→ WHAT IS REQUIRED
Emit the data below verbatim, stripping out any pictures.

→ DATA SHOWN
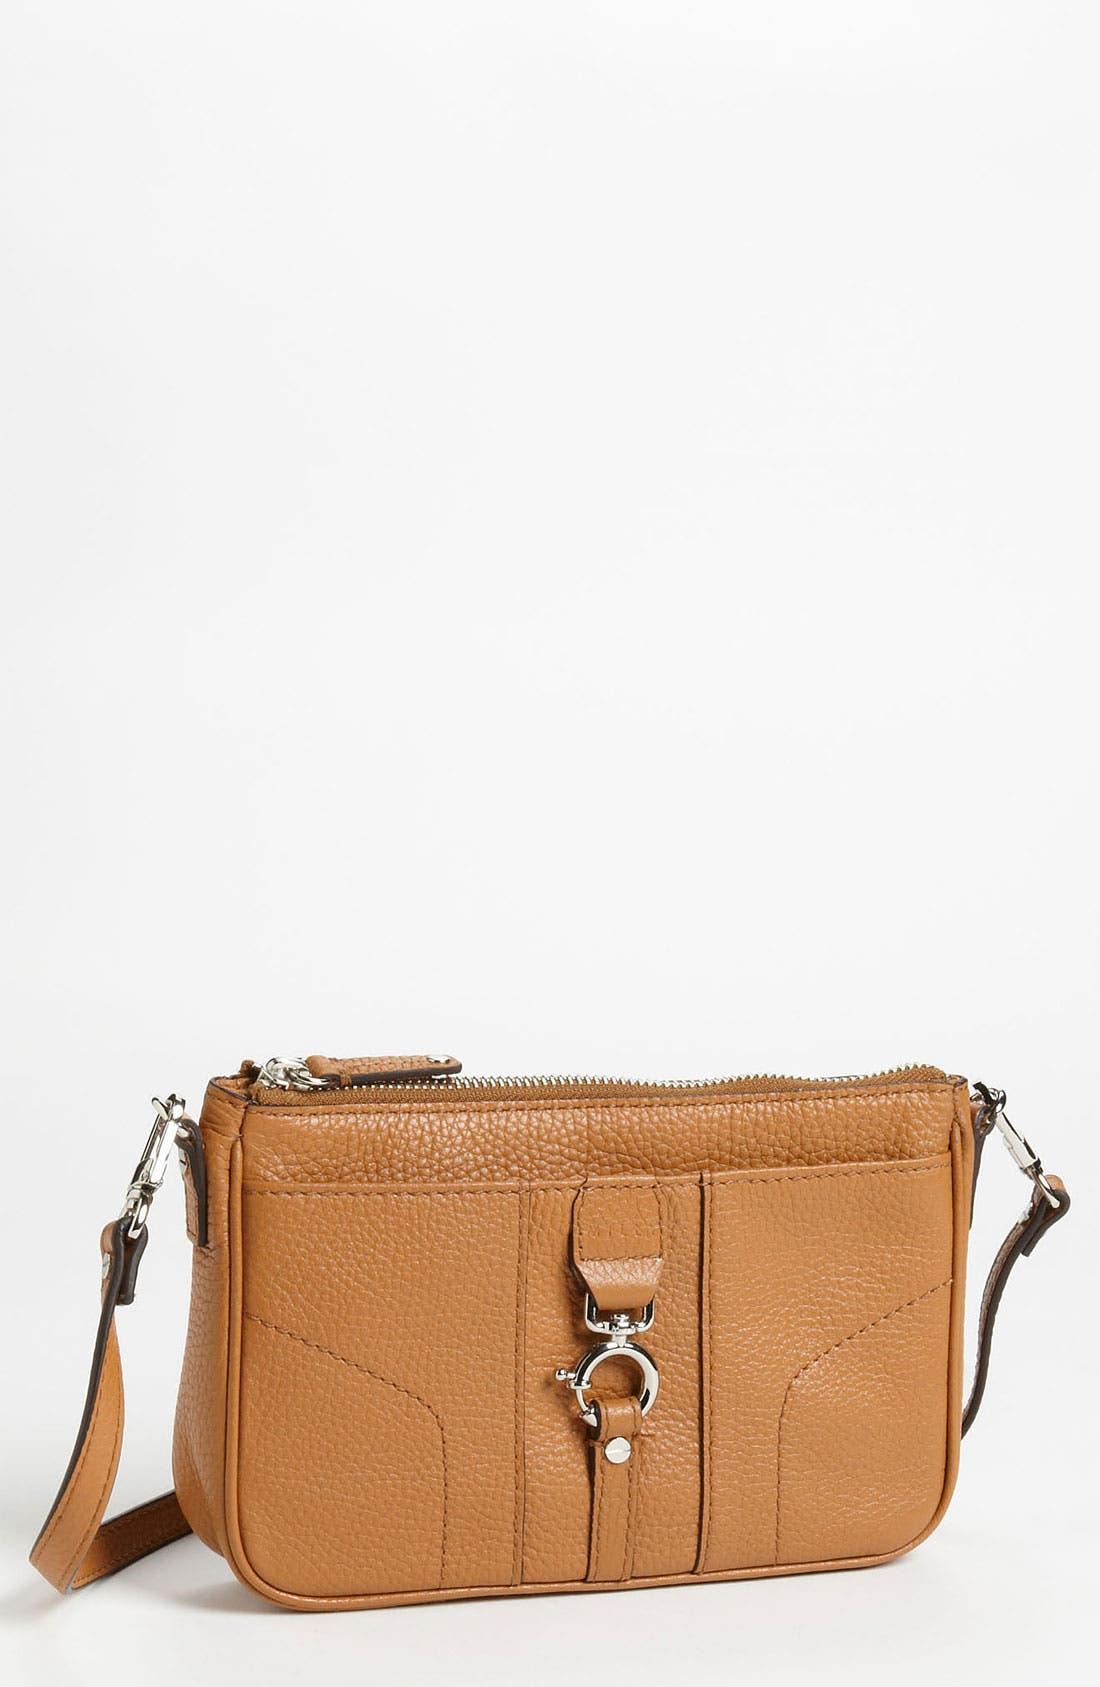 Main Image - Milly 'Felicity' Crossbody Bag
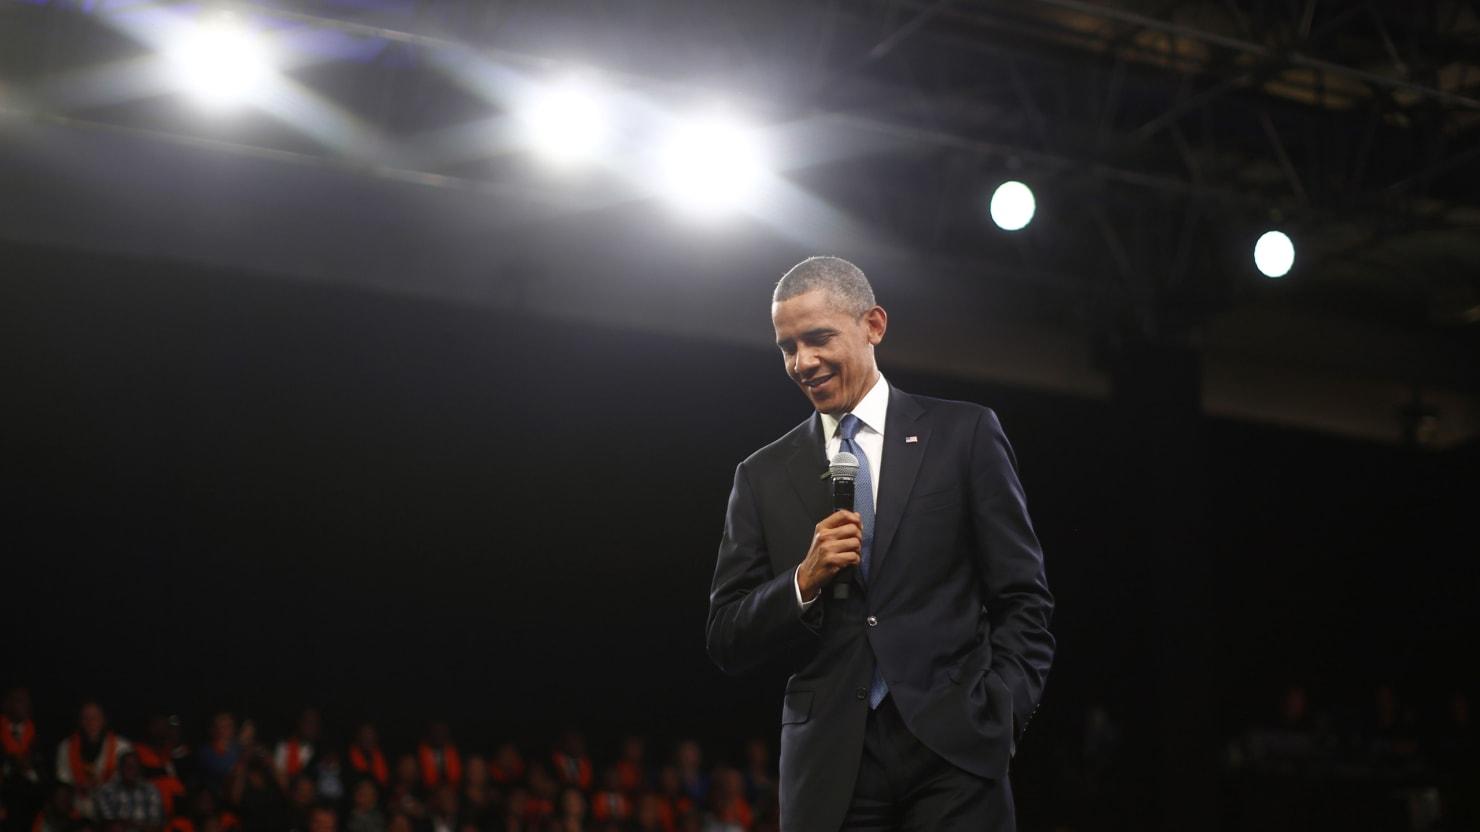 Obama's Shift Toward Communitarianism
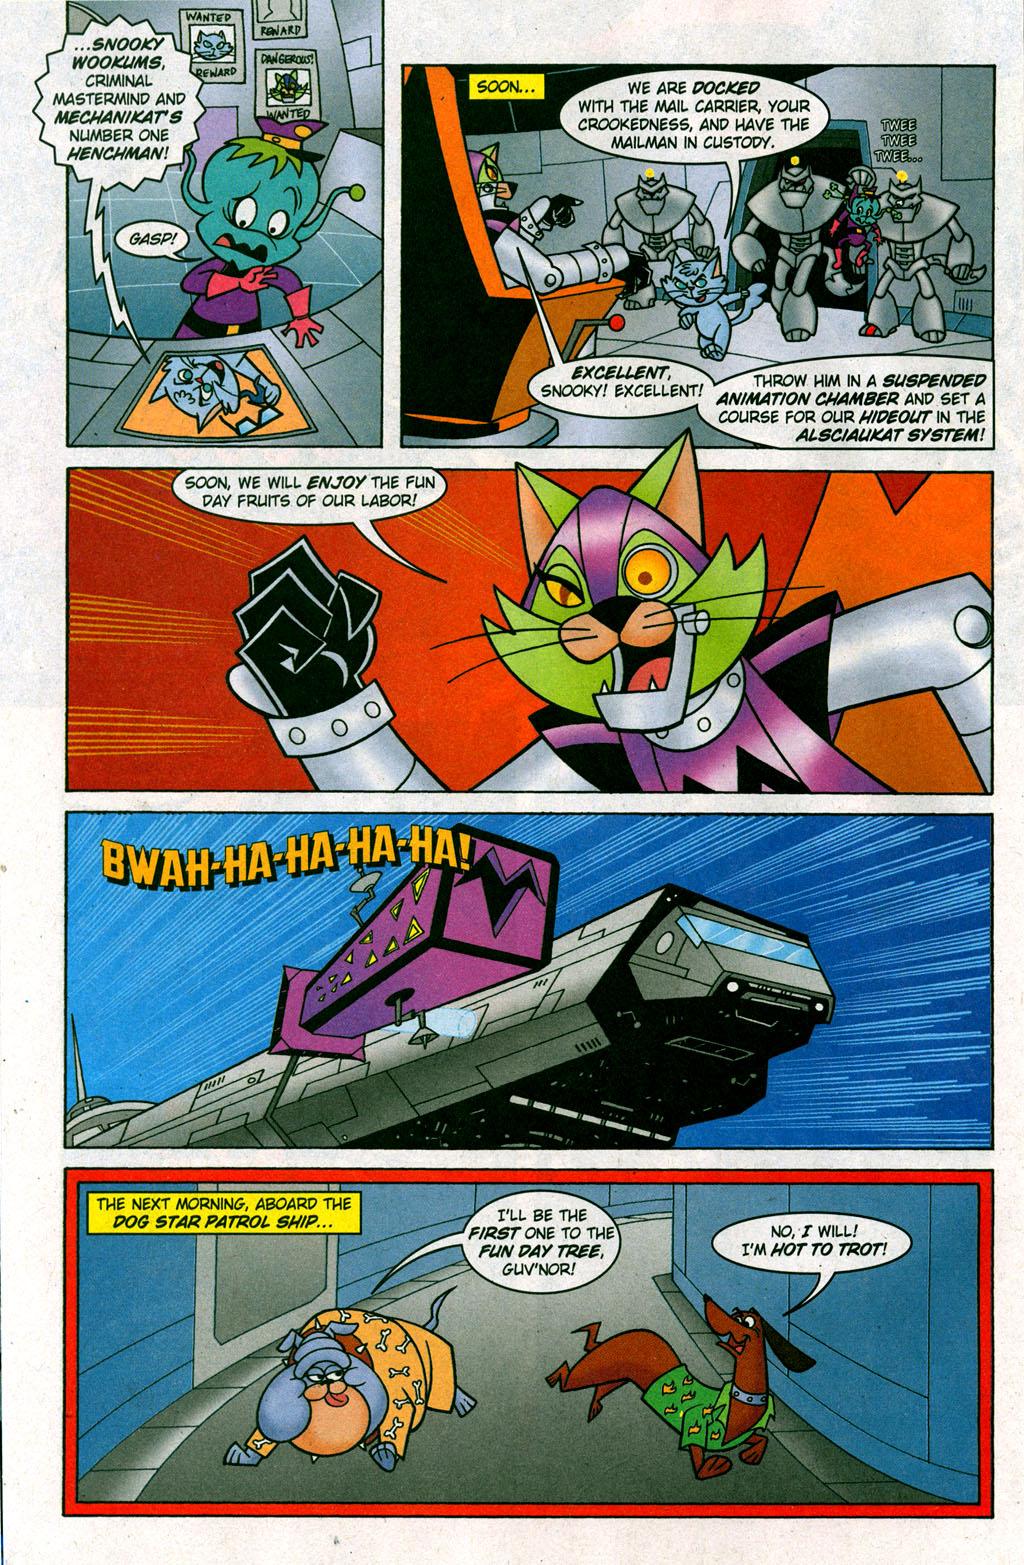 Read online Krypto the Superdog comic -  Issue #6 - 5

→ TASK OUTPUT
 Main Image - Milly 'Felicity' Crossbody Bag
 Obama's Shift Toward Communitarianism
 Read online Krypto the Superdog comic -  Issue #6 - 5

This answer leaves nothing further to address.